A jet formation model for astrophysical objects

TL;DR

This paper introduces a unified model explaining jet formation across various astrophysical objects, emphasizing turbulence-driven energy storage in accretion disks leading to jet ejection.

Contribution

The model uniquely links turbulence energy fraction to jet formation, applicable to diverse systems like AGN, YSOs, and X-ray binaries.

Findings

Jets originate from the innermost thick disk regions.

A turbulence energy fraction  > 0.5 is necessary for jet formation.

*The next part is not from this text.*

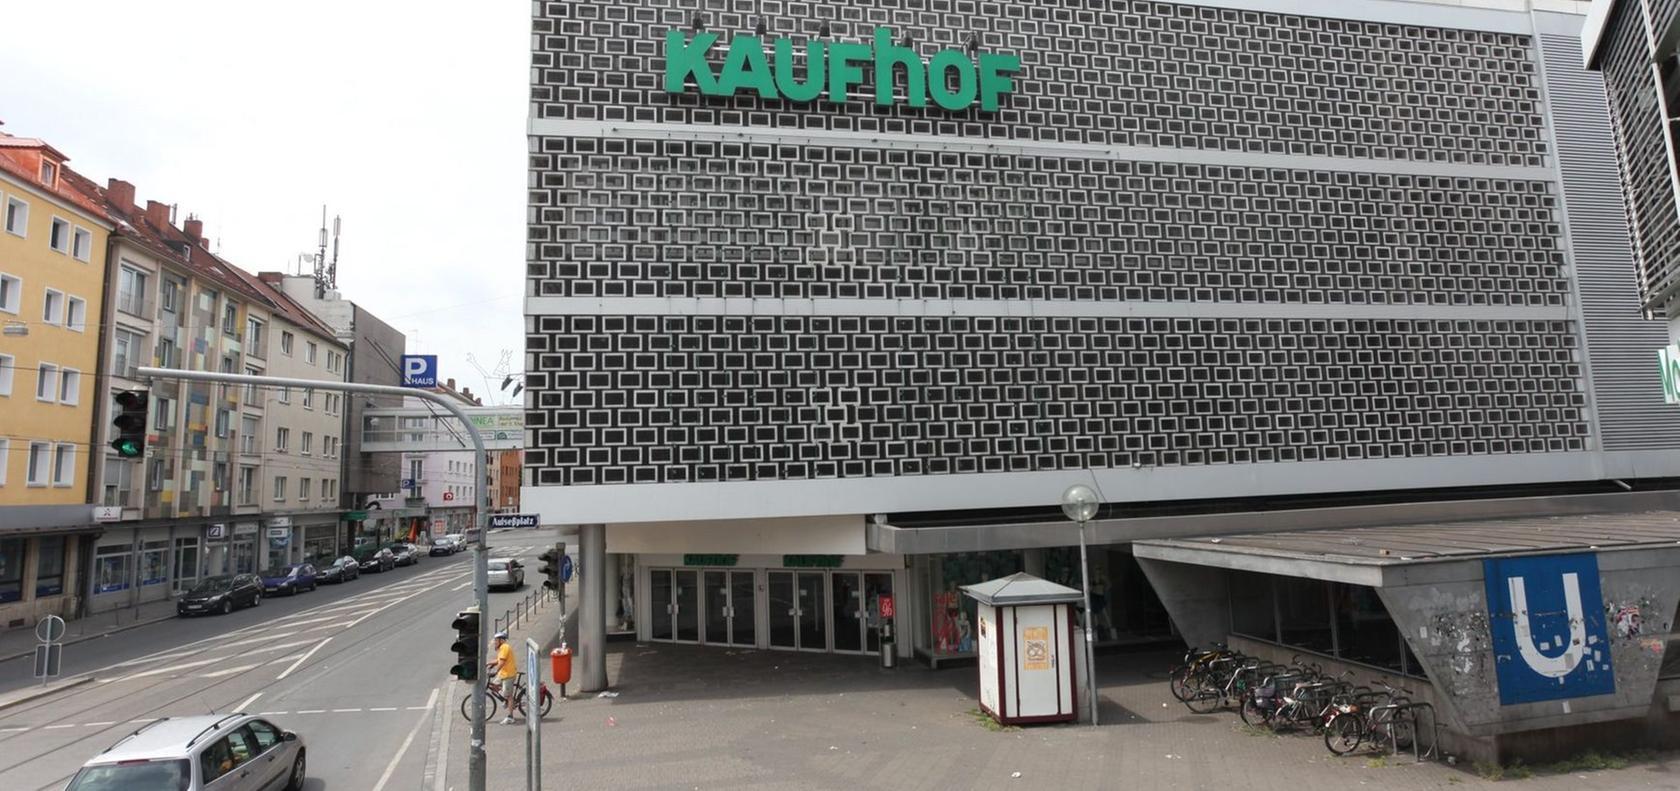 Der Kaufhof mit seiner auffälligen Fassade soll bald Geschichte sein. Edeka hat das Areal aufgekauft und plant in einem Neubau ein großes Nahversorgungszentrum.

The model unifies jet formation mechanisms across different astronomical objects.

Abstract

We propose a unified model for jet formation applicable to active galactic nuclei, young stellar objects, and X-ray binaries. In this model, the binding energy released from the accretion disk is primarily stored as turbulence rather than being radiated away, leading to the formation of advection-dominated accretion flows. Near the central object, a thick accretion disk with funnel-like structures develops. Within the turbulent flows, the smallest stable blobs can be accelerated beyond the escape velocity through the combination of two mechanisms - the Gaussian-like velocity distribution within the turbulence and a mechanism involving the combined effects of inward pressure force and angular momentum conservation.These rapidly moving blobs may exit through the funnels, collectively forming two opposing jets. This model predicts that jets originate from the innermost region of the thick disk surrounding the central object. The formation of jet is directly related a parameter \eta that describes the energy fraction stored in turbulence in units of the binding energy of local Keplerian energy. \eta > 0.5 is a minimal condition for jet to form. This model can be extended to account for jet formation in active galactic nuclei, young stellar objects, X-ray binaries, and other analogous astronomical systems.